AWS Machine Learning Blog
Creating a multi-department enterprise search using custom attributes in Amazon Kendra
An enterprise typically houses multiple departments such as engineering, finance, legal, and marketing, creating a growing number of documents and content that employees need to access. Creating a search experience that intuitively delivers the right information according to an employee’s role, and the department is critical to driving productivity and ensuring security.
Amazon Kendra is a highly accurate and easy-to-use enterprise search service powered by machine learning. Amazon Kendra delivers powerful natural language search capabilities to your websites and applications. These capabilities help your end-users easily find the information they need within the vast amount of content spread across your company.
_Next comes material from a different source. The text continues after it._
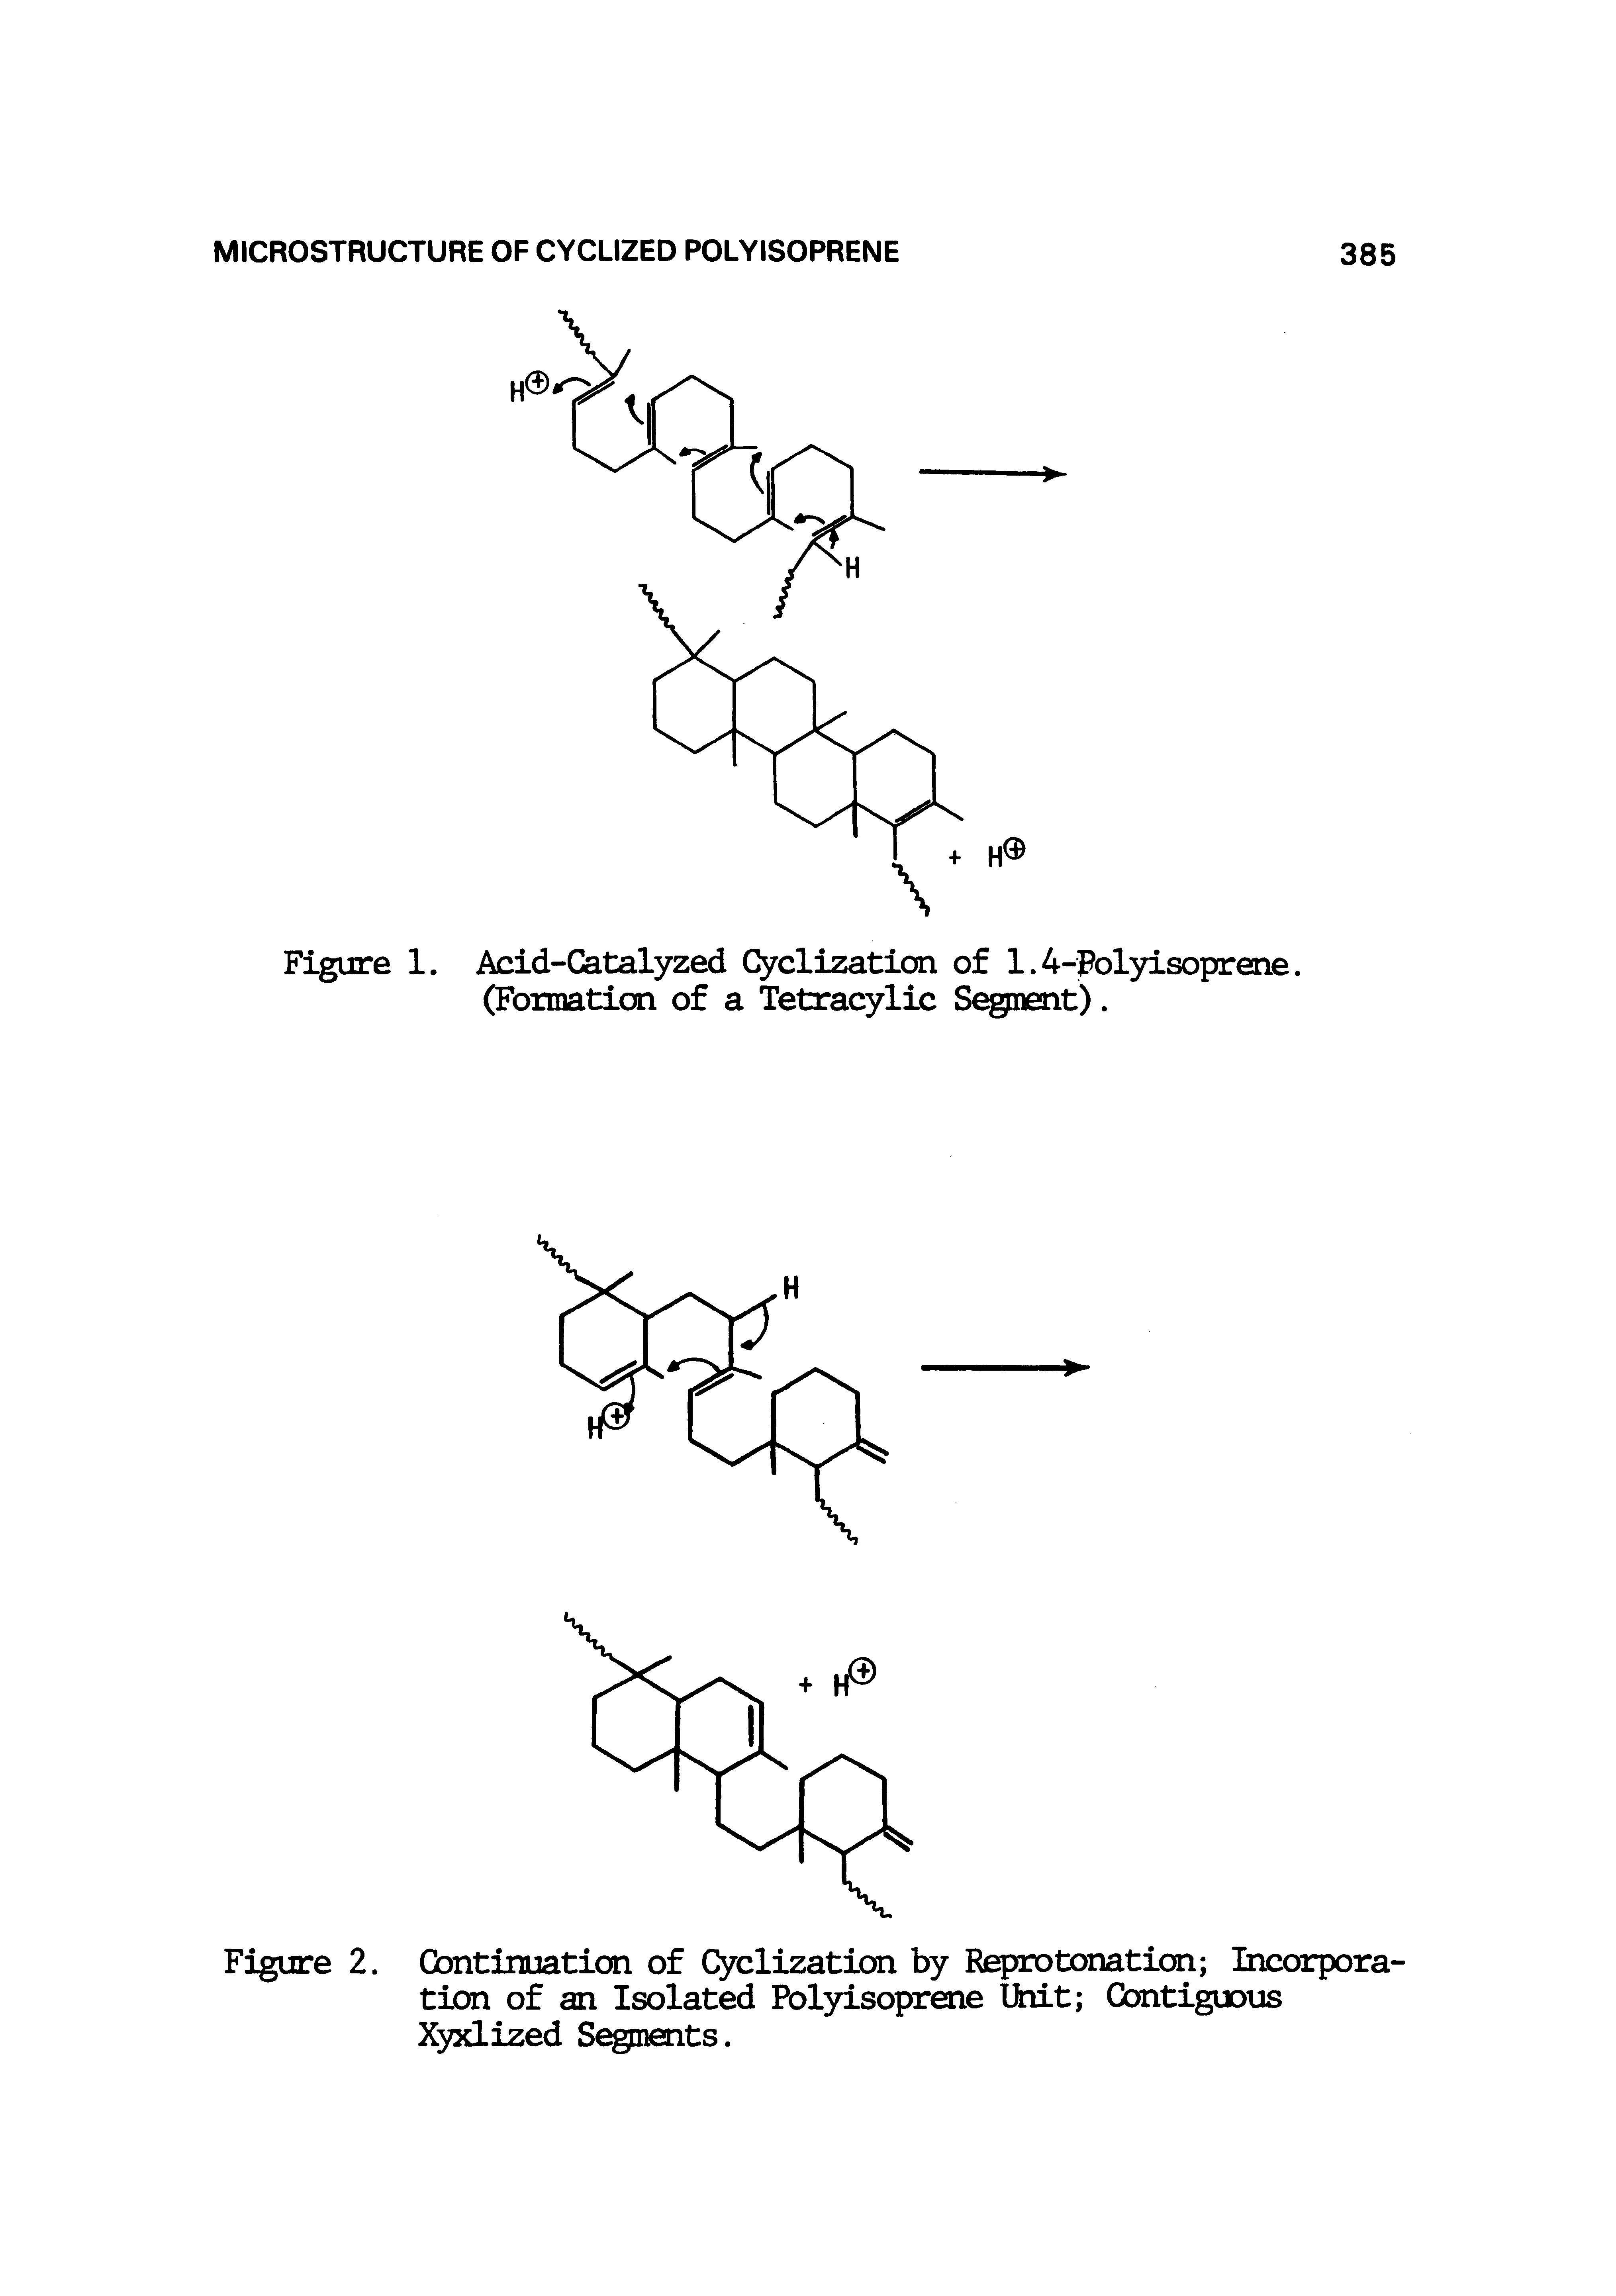 Figure 1. Acid-Catalyzed Cyclization of 1.4-Polyisoprene. (Formation of a Tetracylic S nent).

With Amazon Kendra, you can index the content from multiple departments and data sources into one Amazon Kendra index. To tailor the search experience by user role and department, you can add metadata to your documents and FAQs using Kendra’s built-in attributes and custom attributes and apply user context filters.
For search queries issued from a specific department’s webpage, you can set Kendra to only return content from that department filtered by the employee’s access level. For example, an associate role may only access a subset of restricted documents. In contrast, the department manager might have access to all the documents.
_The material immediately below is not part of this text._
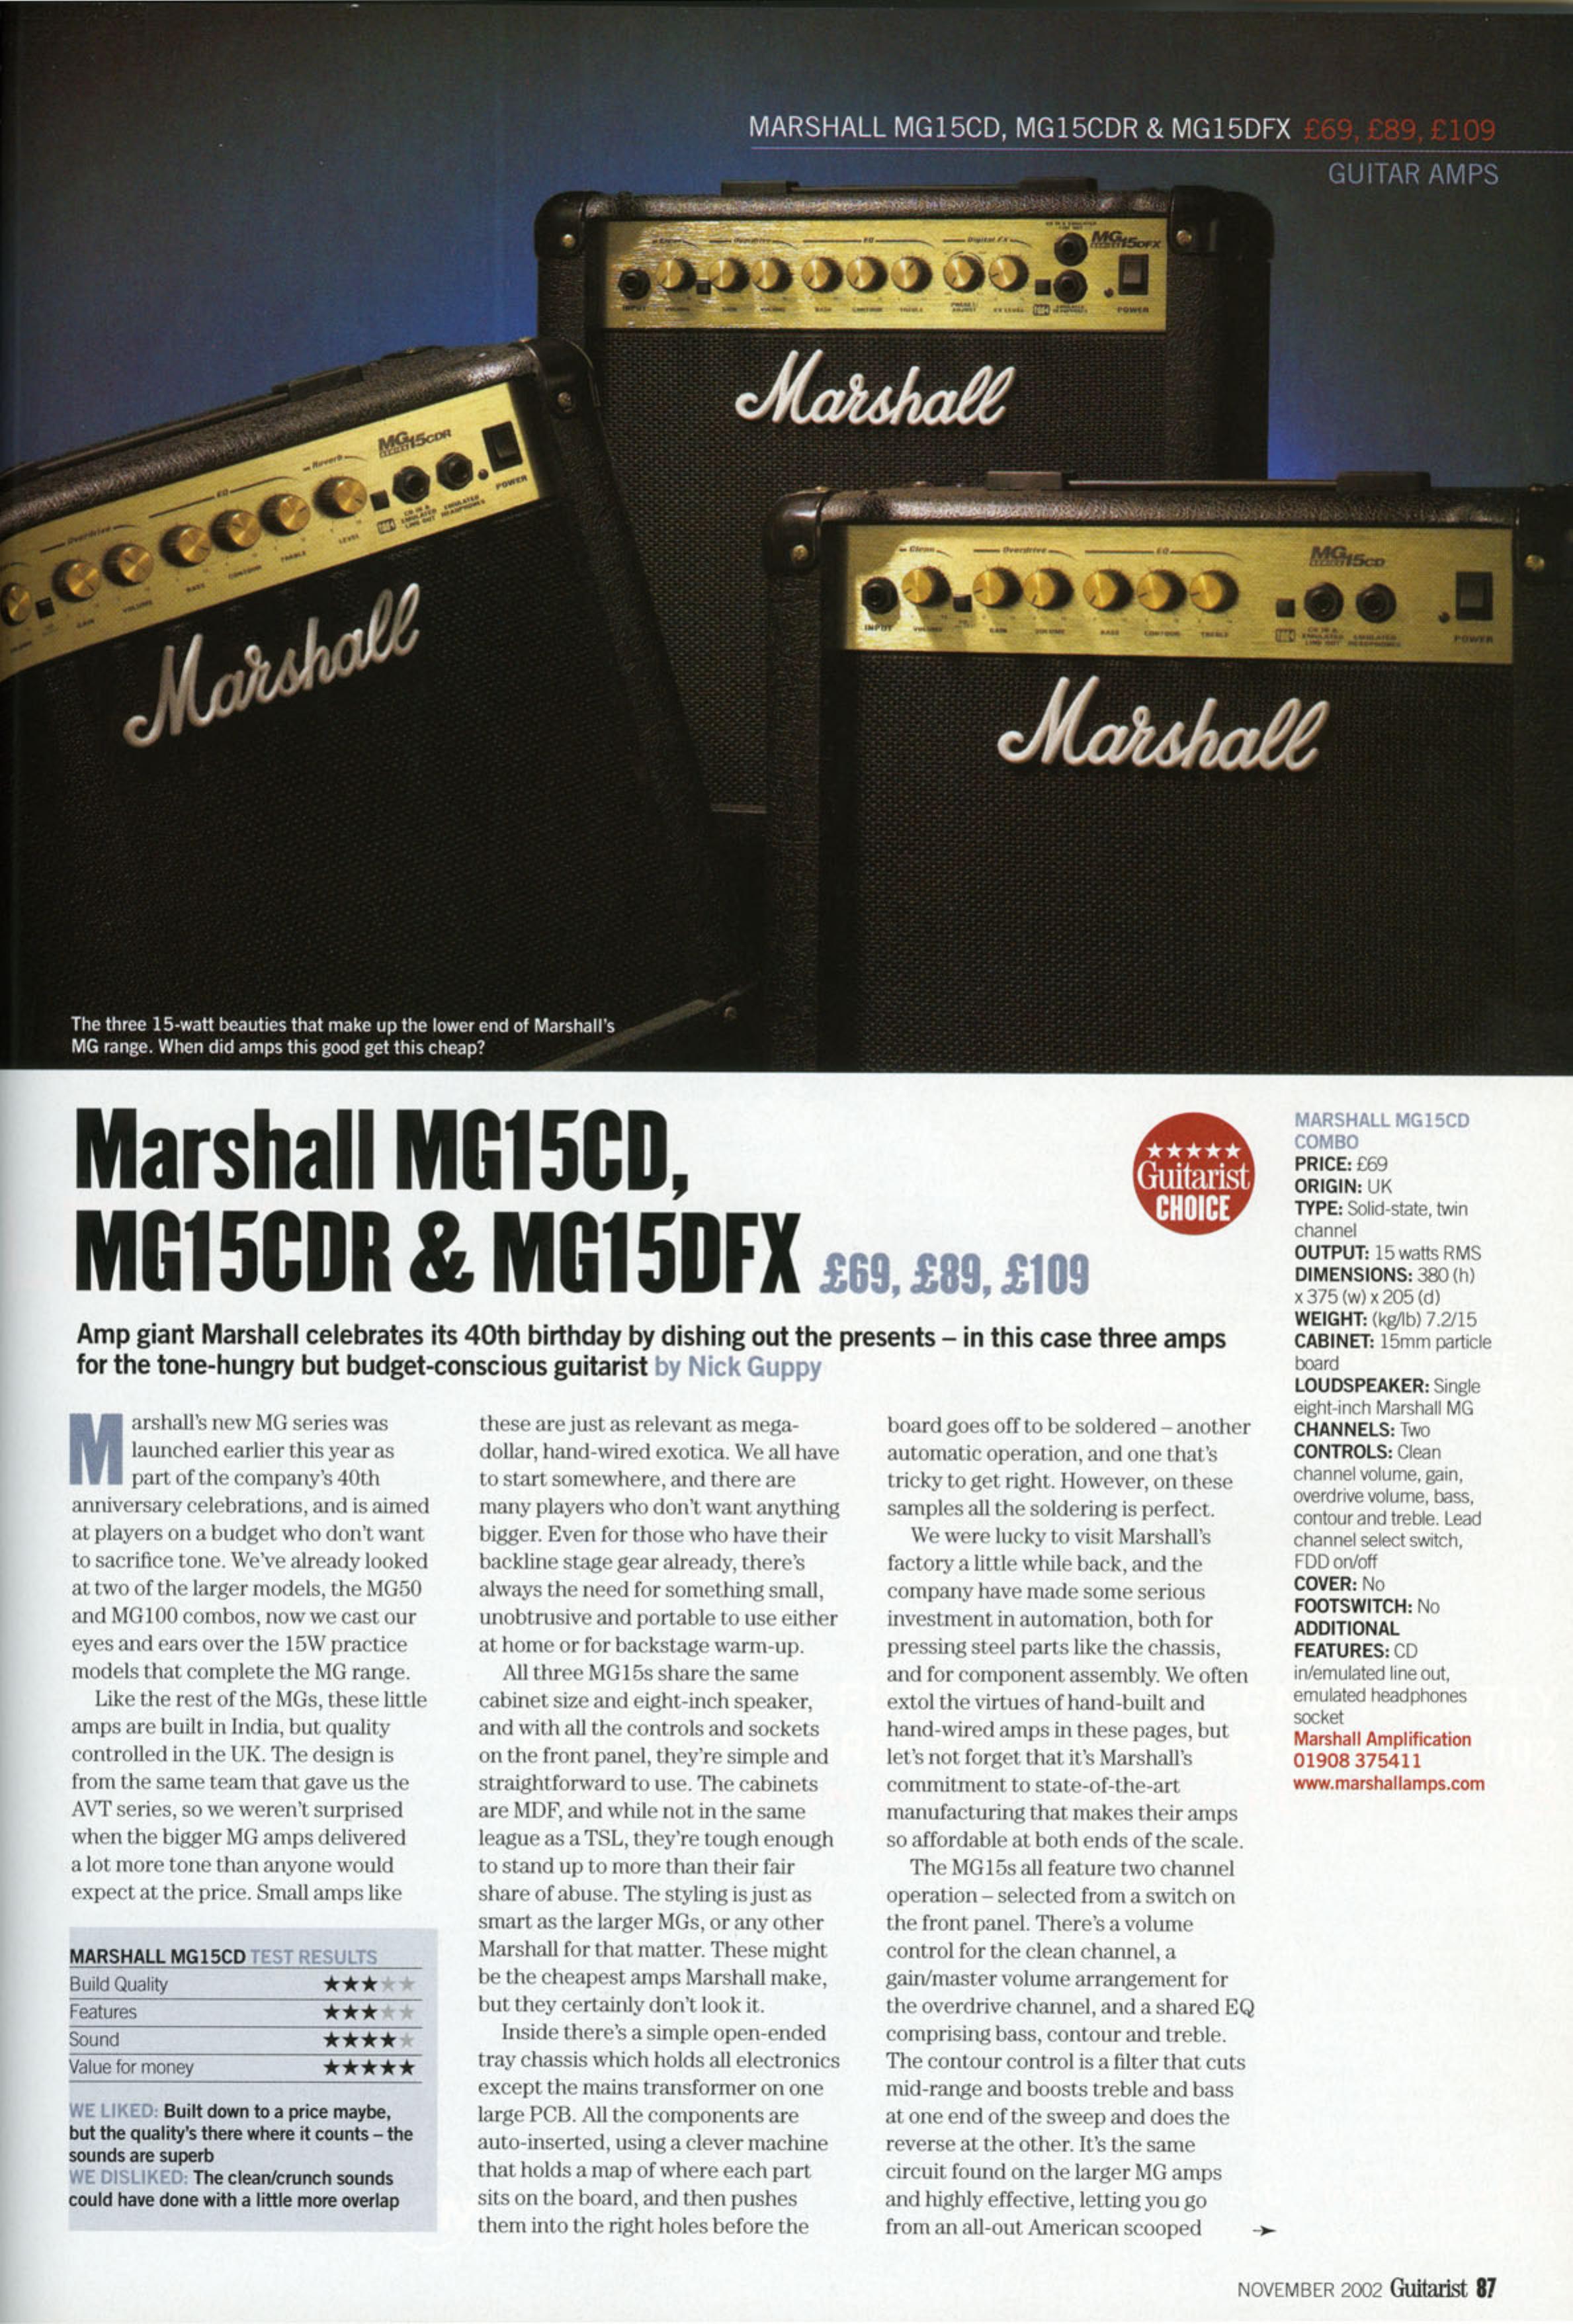 Marshall Amplification MG15CDR Musical Instrument Amplifier User Manual

This post provides a solution to indexing content from multiple departments into one Amazon Kendra index. To manage content access, the organization can create restrictions based on an employee’s role and department or provide page-level filtering of search results. It demonstrates how content is filtered based on the web page location and individual user groups.
Solution architecture
The following architecture is comprised of two primary components: document ingestion into Amazon Kendra and document query using Amazon API Gateway.
The preceding diagram depicts a fictitious enterprise environment with two departments: Marketing and Legal. Each department has its own webpage on their internal website. Every department has two employee groups: associates and managers. Managers are entitled to see all the documents, but associates can only see a subset.
When employees from Marketing issue a search query on their department page, they only see the documents they are entitled to within their department (pink documents without the key). In contrast, the Marketing Manager sees all Marketing documents (all pink documents).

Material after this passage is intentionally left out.